In spite of Manhattan’s growing supply of luxury condominiums, there are signs that expensive apartments are starting to lose their appeal with buyers.

According to Douglas Elliman’s third quarter report, the price per square foot in Manhattan hit a new record of $1,497.

The biggest deal during the period was for “Penthouse One” at luxury condo building, The Charles, at 1355 First Avenue, which sold for $38 million.

While the transaction is typical real estate headline fodder, it may stand as the high point for an industry that’s starting to get spooked by ultra-luxury condos that are staying vacant.

“I think in general it’s hard to be across-the-board bullish about new condo development in New York. In fact, I think the opposite is much closer to the truth,” Lauren Hochfelder Silverman, a managing director at Morgan Stanley Real Estate Investing, said during a panel discussion during NYU Schack Institute of Real Estate’s Capital Markets in Real Estate event.

Silverman’s comments align with some recent real estate data. According to research from Douglas Elliman, newly constructed apartments that were sold during the third quarter spent 125 days on the market, up from 88 days during the same period a year before.

The prospect of expensive apartments sitting empty has not totally pushed Silverman’s firm away from the condo market. However, they’ve scaled back their targets, instead going after a more modest section of the luxury sector.

The firm has mostly withdrawn from targeting condo buyers in the $10 million and above price range.
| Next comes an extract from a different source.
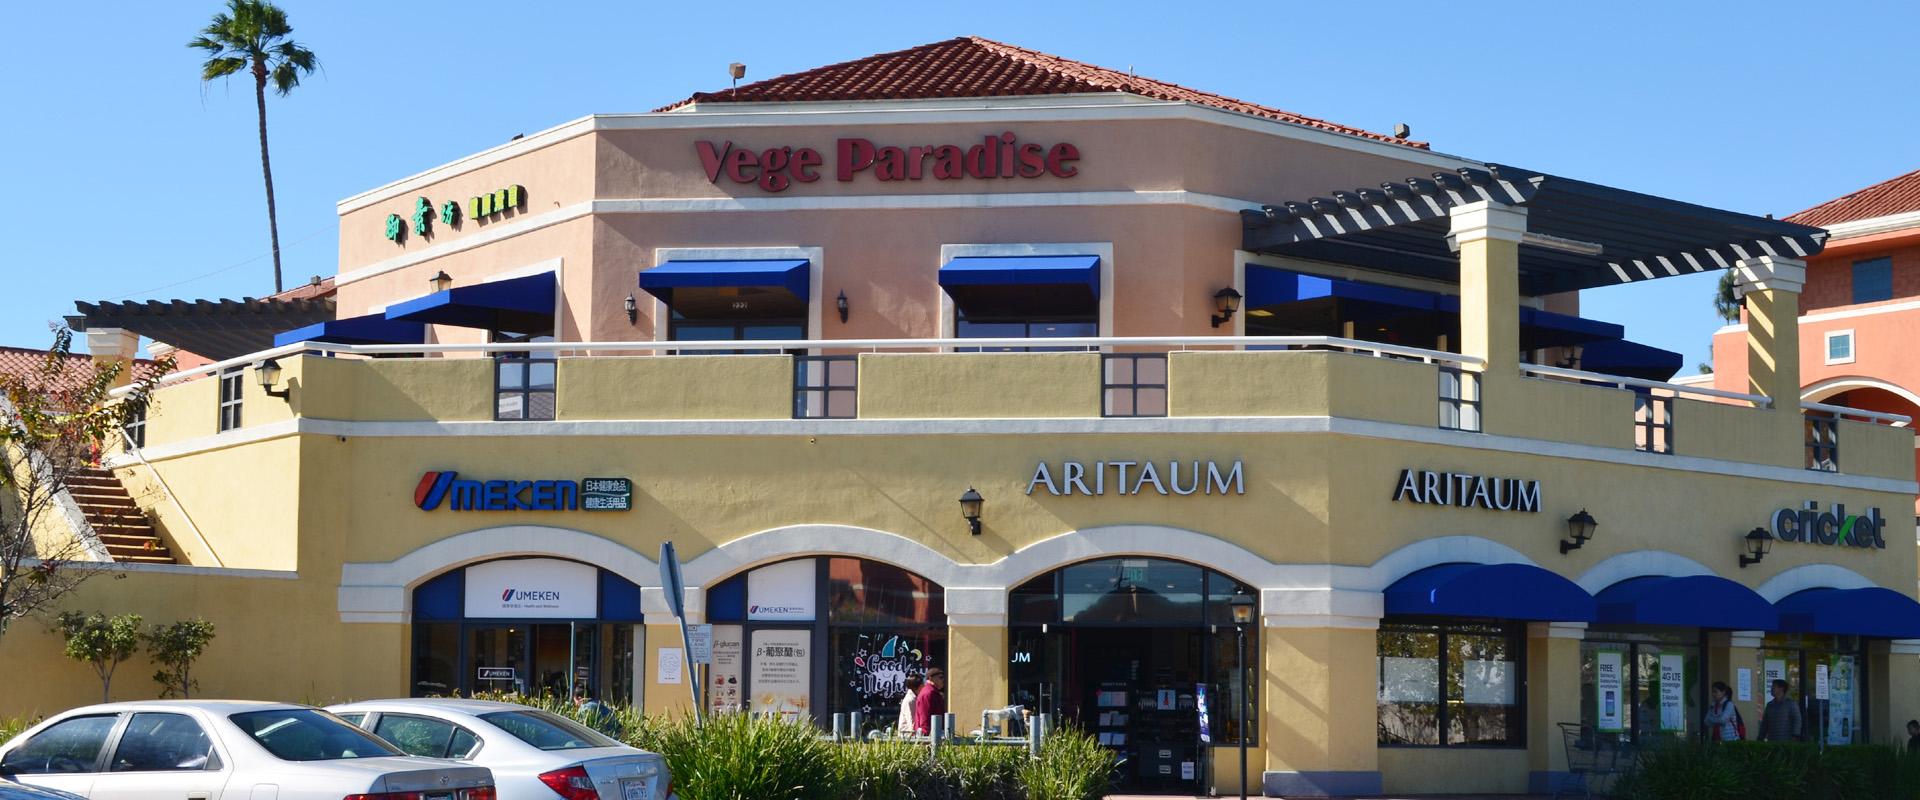 Vege Paradise Restaurant San Gabriel Store

Instead, Morgan Stanley is targeting buyers in the lower seven figures in their quest for opportunities that Silverman described as “short and cheap.”

“It’s really more moderate luxury. It’s at a much lower price point, (and) that, I think, is underserved in today’s market. In as much as you have this tremendous supply for super-luxury. There really isn’t as much targeting the two- to- three million dollar market,” she said.

As Silverman’s firm sours on high-end condos, at least one capital source remains optimistic about condo development.

According to John Galiano, a senior managing director at Tishman Speyer, Chinese investors remain bullish on condos.

“A lot of money that been coming out of China, just from a cultural perspective, their view is a lot more shorter-term than your typical investor. They’re doing more strategic acquisition unless it’s condo development, because condo development will turn into capital quickly. I think that’s one of the interesting dynamics when you’re thinking about where capital’s coming from for deals,” he said.

Some of the newest condo projects in town are either being developed or targeted towards the Chinese.

Euro Properties’ 118 East 59th Street, which contains full-floor apartments that start at $5 million, launched sales in October. Meanwhile, Extell Development Corporation plans to launch sales exclusively to Chinese, Malaysian and Singaporean buyers for its new One Manhattan Square development.